> Assignment: Using the records that follow, reproduce exactly the lines starting at the line containing "lg-g3-photos-gamergen (4)" and ending at the line containing "重庆邮电大学软件专业技术基础实验报告(耿道渠)". Include both end lines and no pictures.

> Dataset extract:
____
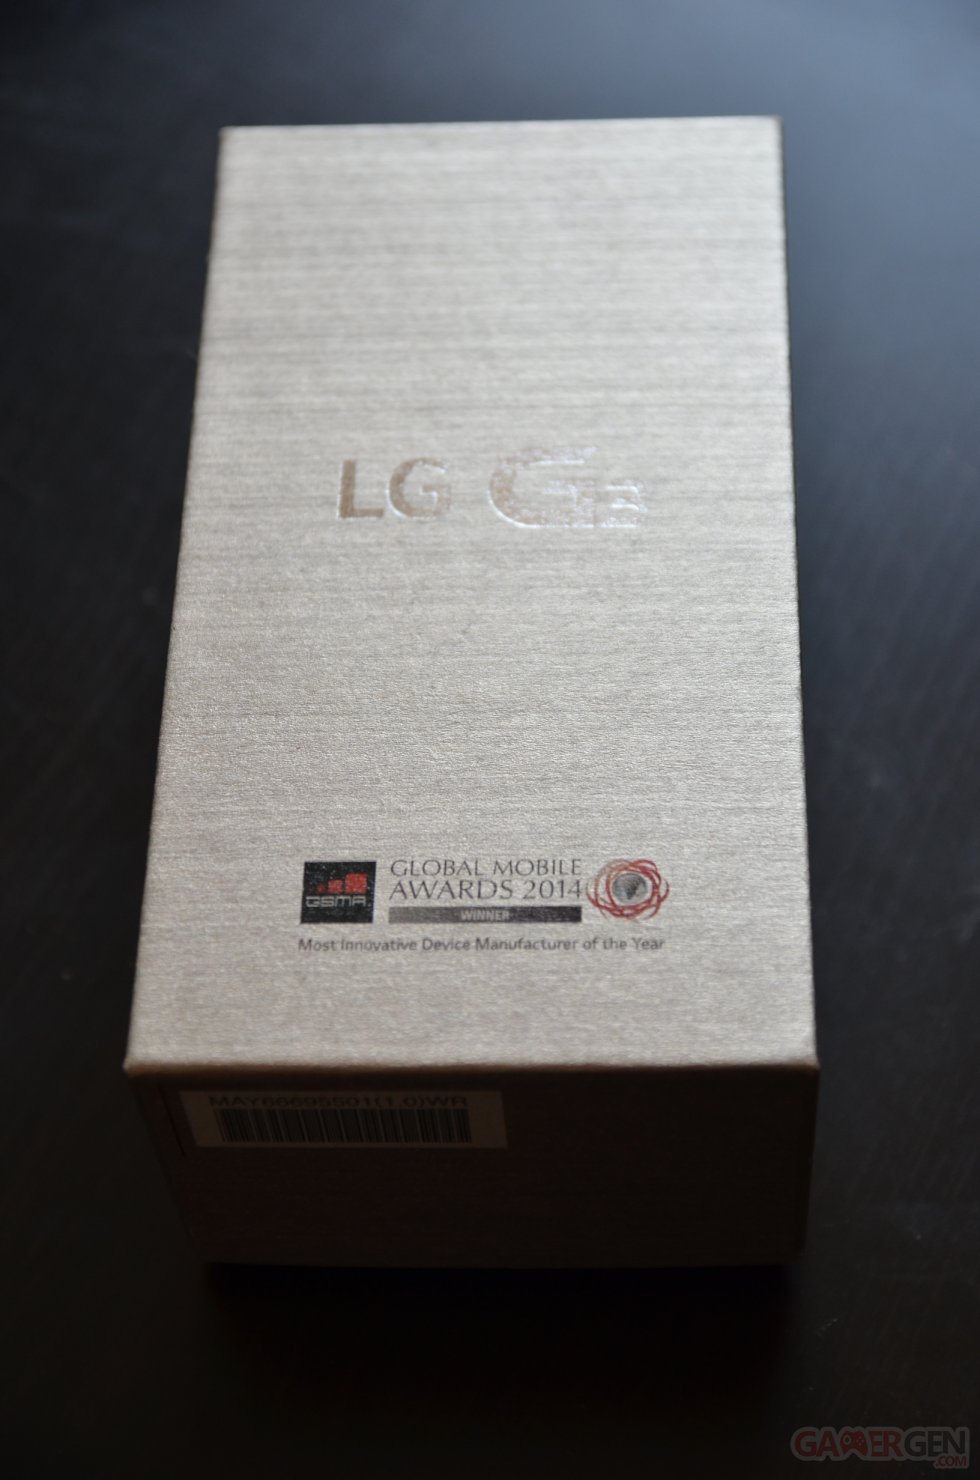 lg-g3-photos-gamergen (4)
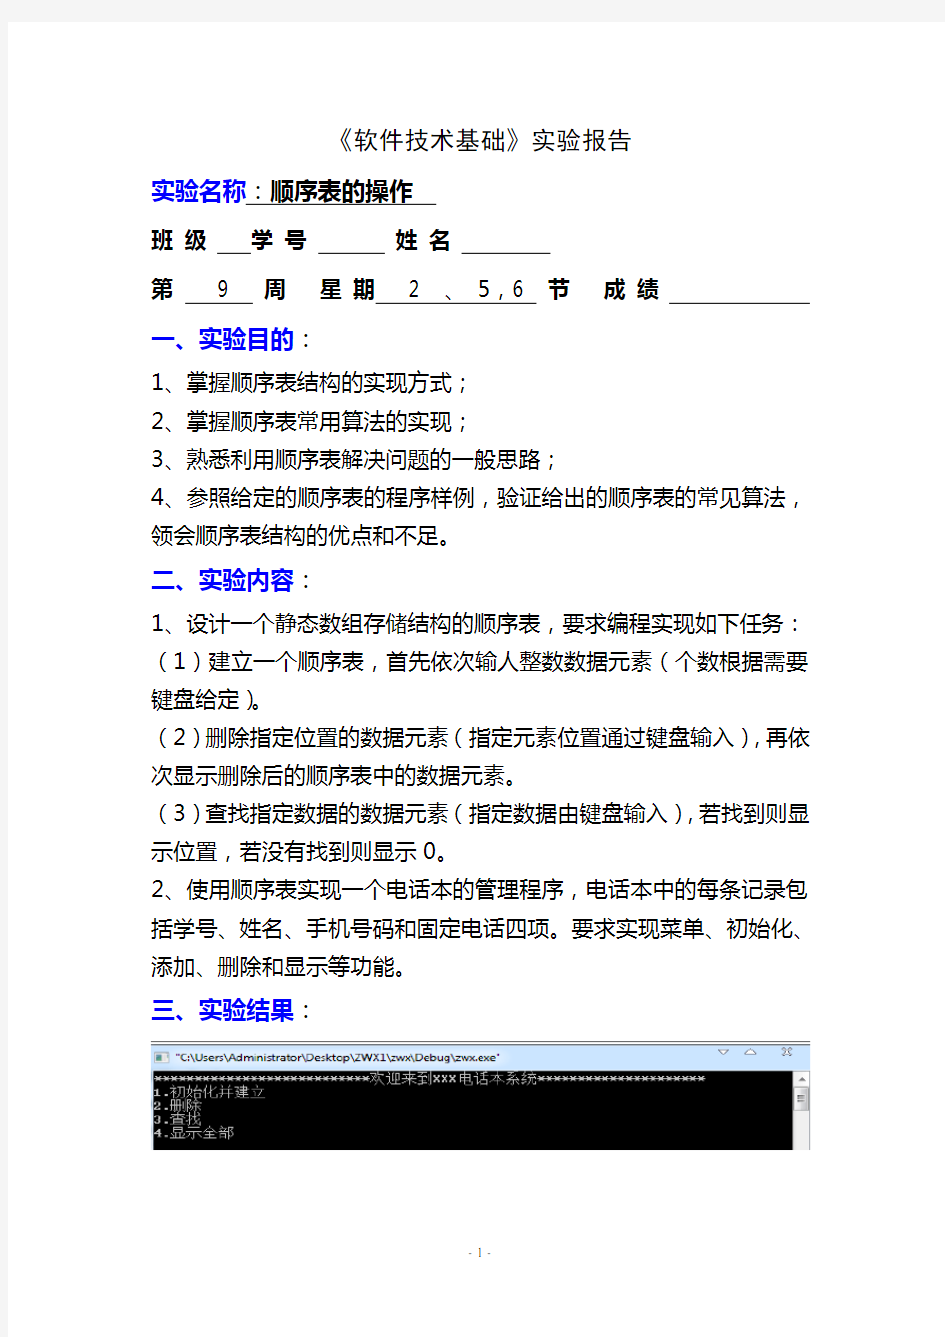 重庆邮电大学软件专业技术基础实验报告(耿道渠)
____
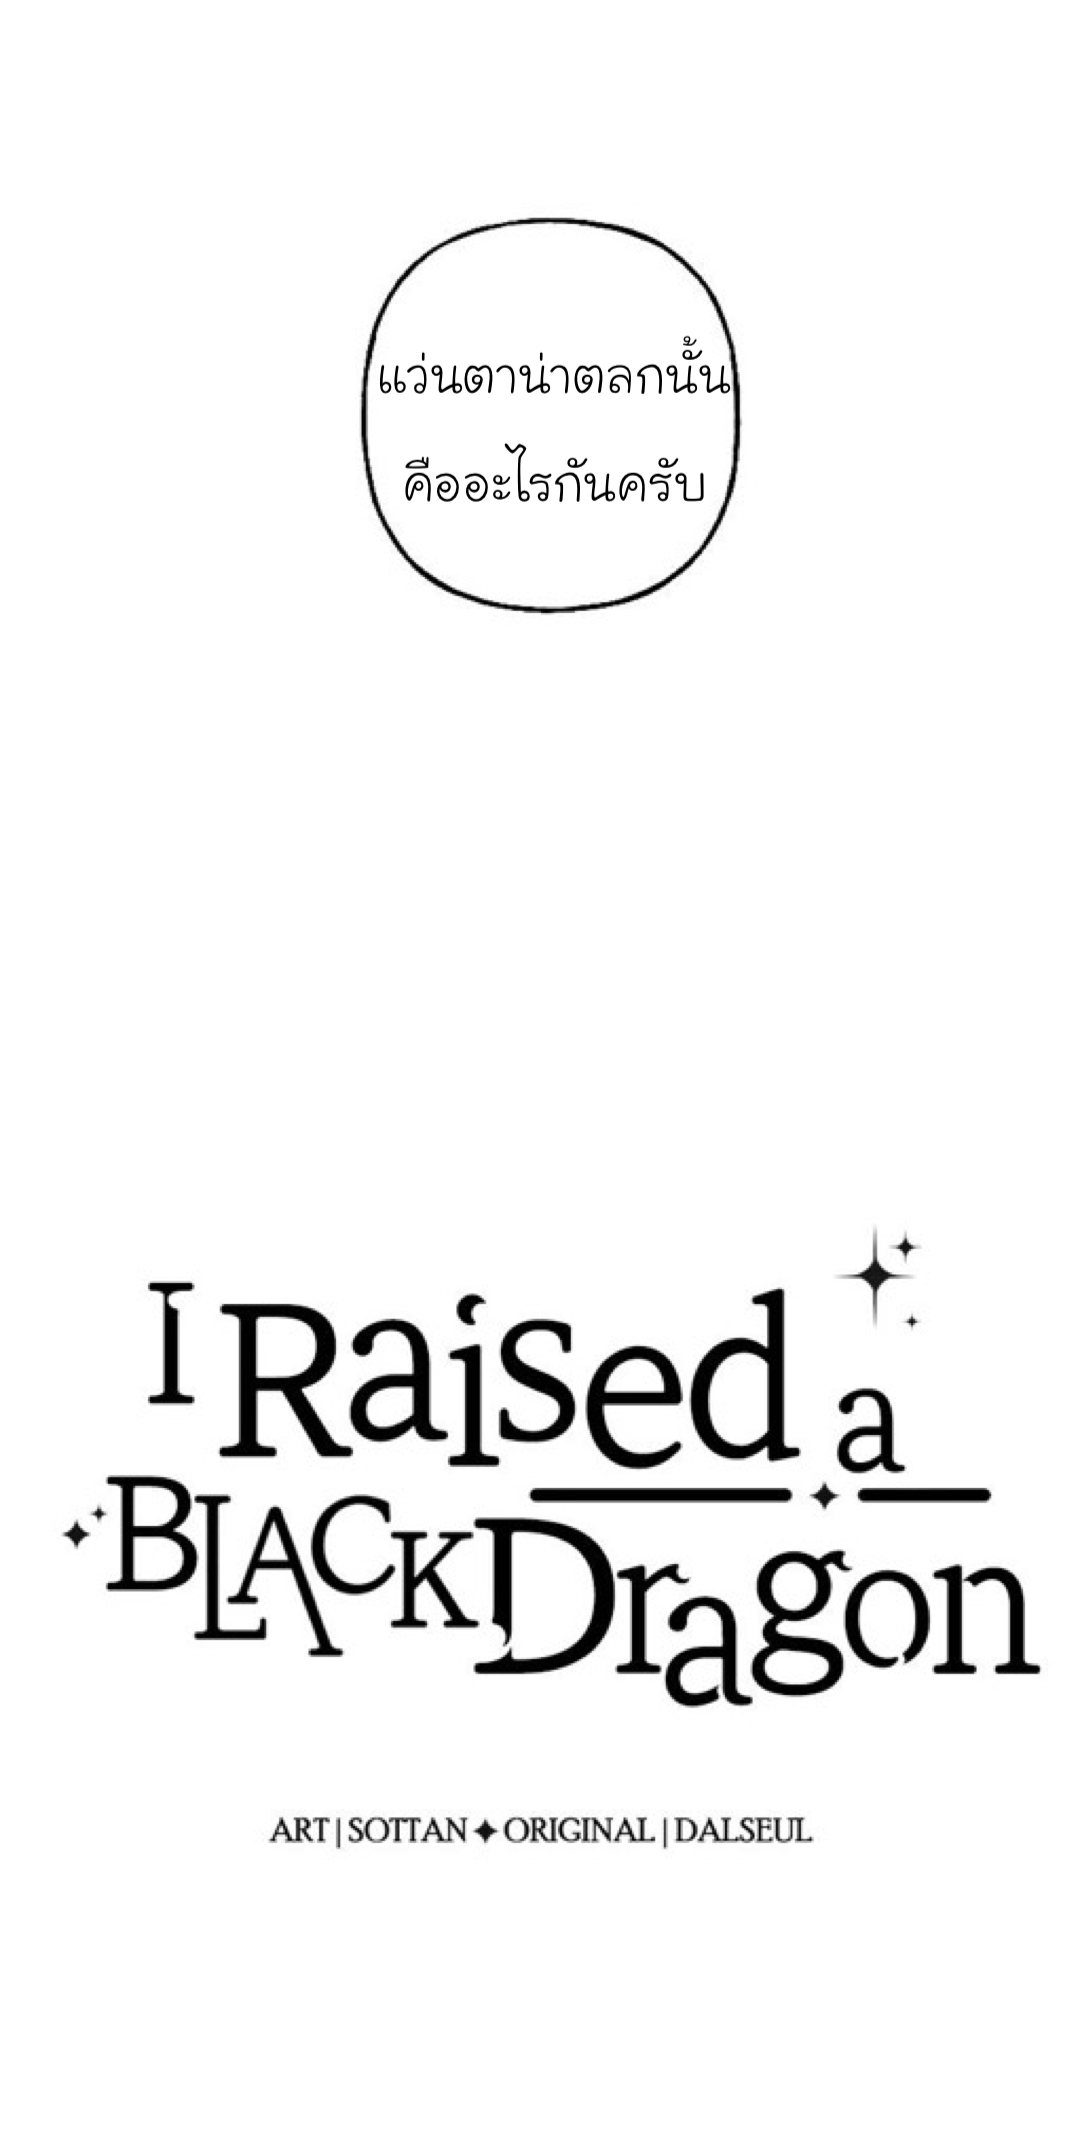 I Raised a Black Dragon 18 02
____
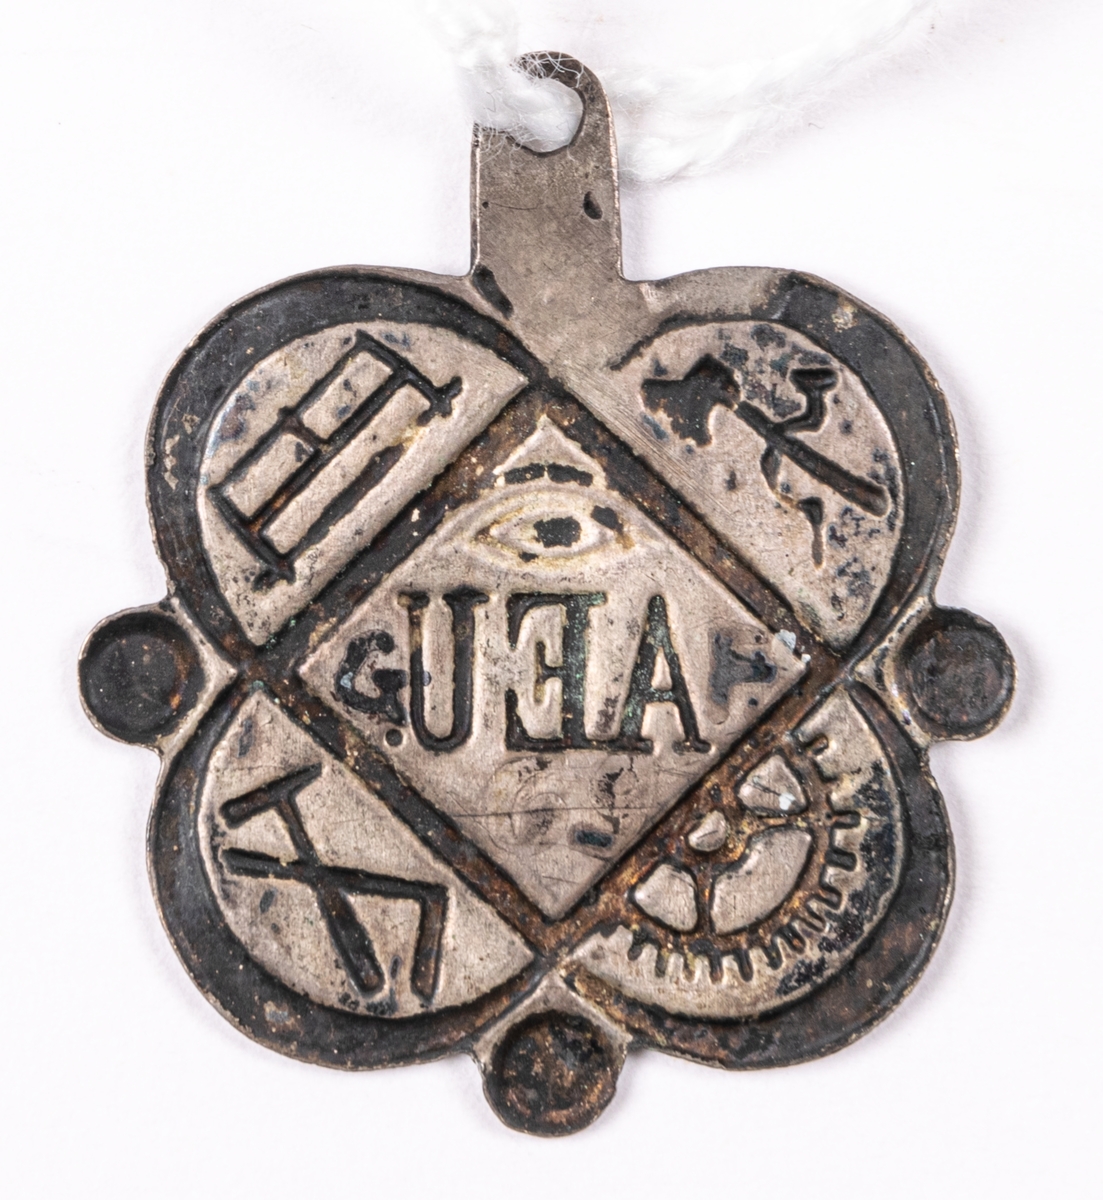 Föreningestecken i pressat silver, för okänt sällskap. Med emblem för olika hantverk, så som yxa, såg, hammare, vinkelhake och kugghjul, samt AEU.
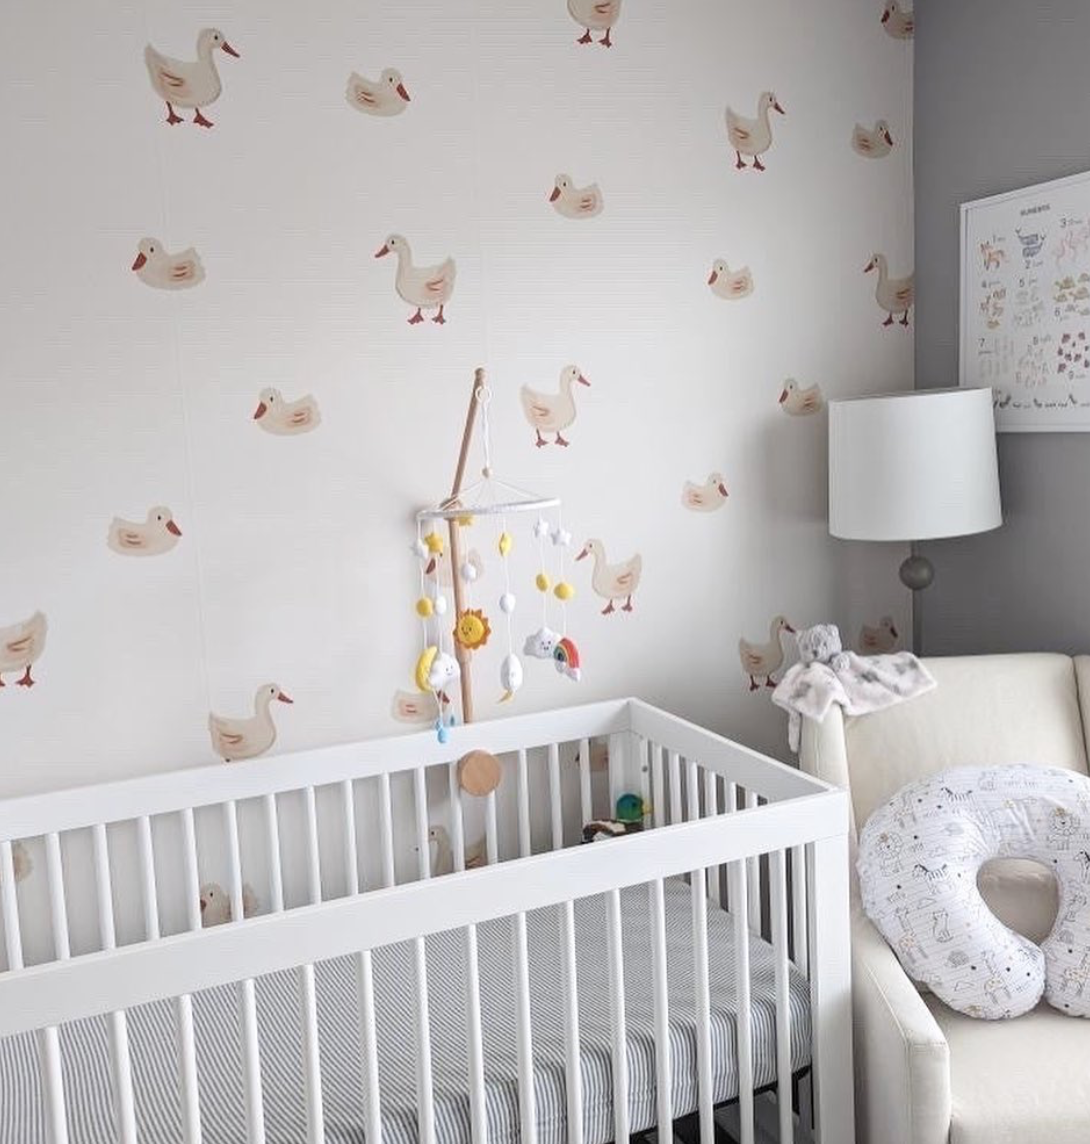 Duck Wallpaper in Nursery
____
> Response to this task:
 lg-g3-photos-gamergen (4)
 重庆邮电大学软件专业技术基础实验报告(耿道渠)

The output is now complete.